As I am sure we all know, there was a tragic shooting in an elementary school up in Connecticut. This is not the first shooting in this country either — not at all. It seems like every week or so that there is a major shooting in the United States. Not all of them make national news, but they always make it to the local news. I have heard many different reactions to these tragedies, but I feel that I must address the typical reaction that I see from Christians, especially conservative ones.
I know this particular approach well because it is the view of my father. He feels that all of life’s evils can be solved by violence. He says we should bomb the Middle East, bomb China, reinforce Israel, and increase private ownership of guns. To put some icing on the cake, he also works for the Department of Homeland Security/Transportation Security Administration.
In addition to my father, a classmate of mine, who sits behind me in English, often talks about guns with another classmate of mine. He feels that all of these massacres could just be stopped if people carried guns. His logic is that if someone starts shooting, everyone else can just fire back and kill him. I am sure that we can all agree how flawed this logic is, but it nevertheless makes sense to him.
My father and classmate have a very little in common except for one thing — they both see themselves as Christians. Their logic, however, seems to directly contradict that of Jesus, yet they see themselves as Christians. I find this very problematic, yet it is a very common sentiment. Very many people in this country own guns, join the military, vote for war, and support groups like the National Rifle Association while still seeing themselves as Christian. There was even a church in Texas that was giving shooting lessons to “defend” against Mexican immigrants!
Can an authentic Christian believe in such things? Can an authentic Christian desire for more guns, warfare, and violence? I very strongly say, no; I very strongly feel that such people are not really following Christ. Jesus said and did many things in the three years he preached, and nonviolence was a big part of it:
Blessed are the merciful, for they shall obtain mercy. (Matt. 5:7)
Blessed are the peacemakers, for they shall be called sons of God. (Matt. 5:9)
You have head that is was said, “An eye for an eye and a tooth for a tooth.” But I tell you not to resist an evil person. But whoever slaps you on your right cheek, turn the other to him also. (Matt. 5:38-39)
Put your sword in its place, for all who take the sword will perish by the sword. (Matt. 26:52)
This is only from one gospel and a few select passages at that, but I think it is enough to get the point across.
We are Christians, which means that we follow Christ.

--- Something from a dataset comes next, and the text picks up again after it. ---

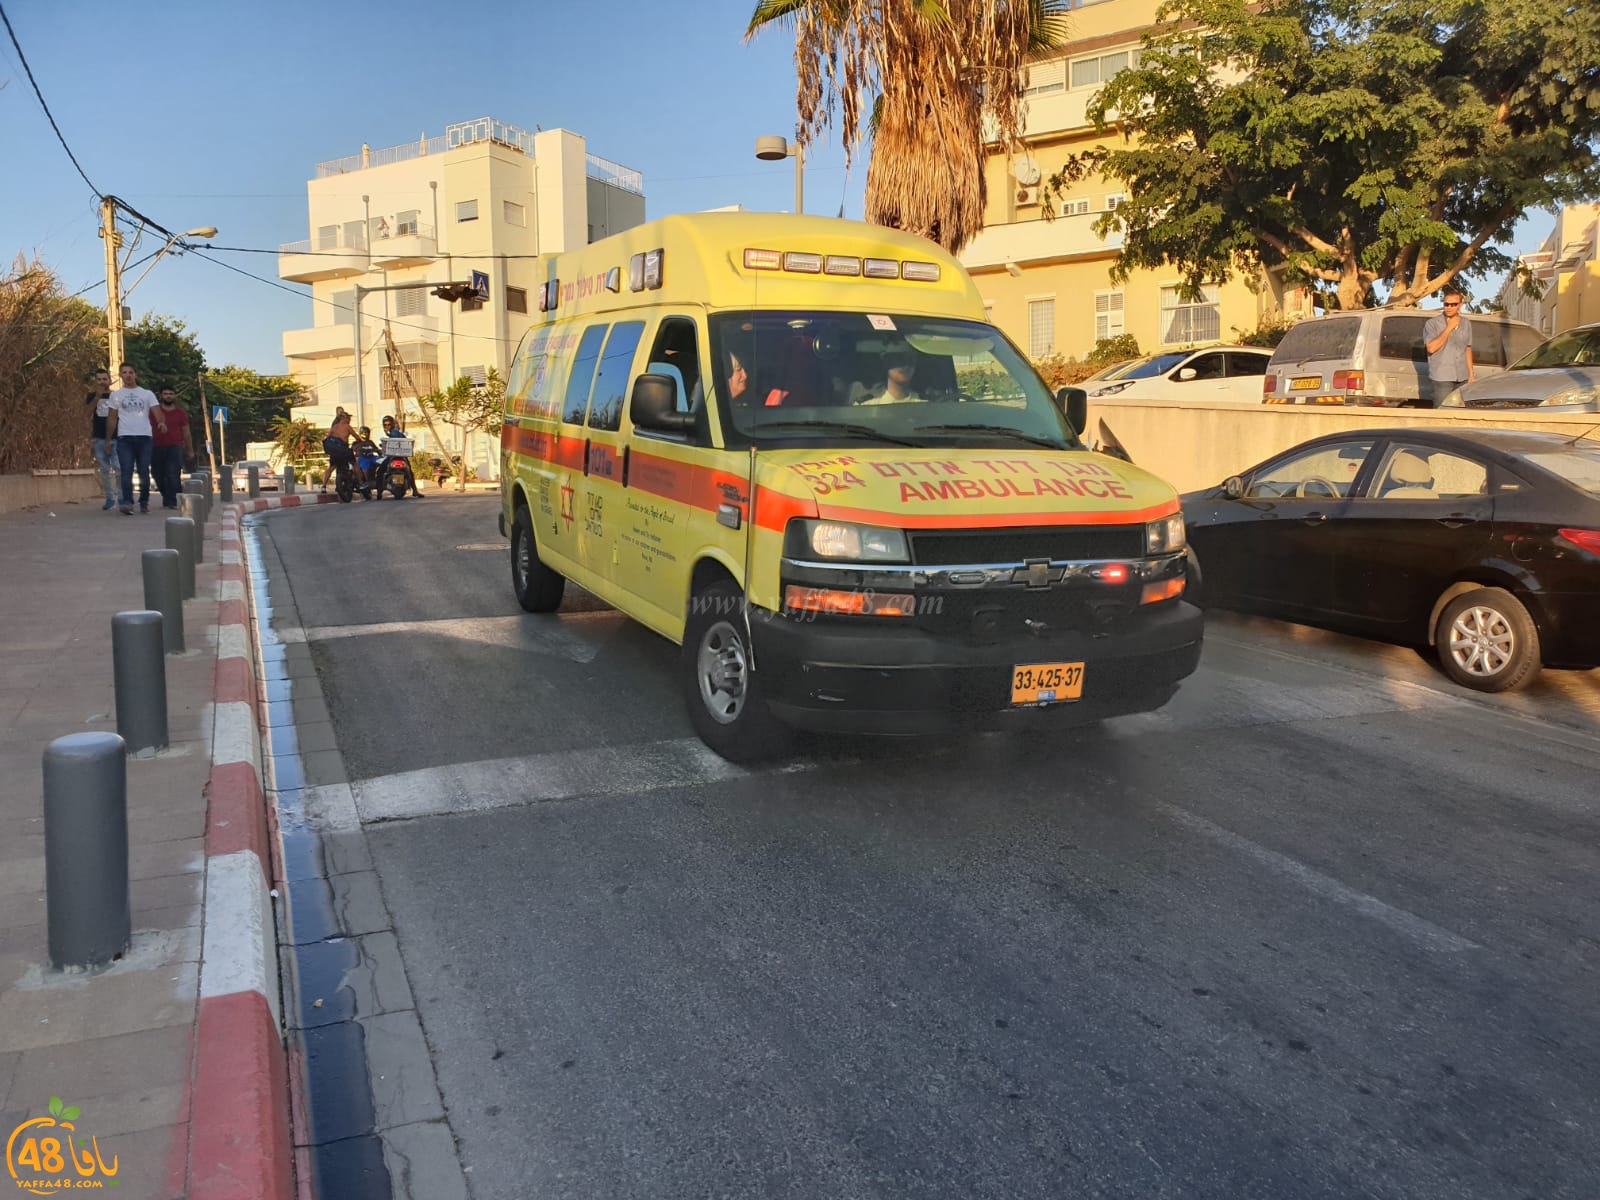 يافا: رغم حواجز الشرطة - أكثر من 10 مصابين خلال اسبوع بحوادث اطلاق نار وطعن بيافا واللد

We do not follow Augustine who made up the “Just War” Theory; we do not follow the Old Testament kings and their genocidal campaigns; and we do not follow modern day politicians or theologians. As Christians, and as Anabaptists, our foundation is the Gospel. Sure, the other parts of Scripture and history are great and helpful, but they do not overrule our faith in Christ.
If we are going to follow Jesus, we must ask: did he mean it? Did he mean it when he said to love our enemies? Did he mean it when he said to lay down our swords? Did he mean it when he said that only the sinless can cast stones? Did Jesus mean it?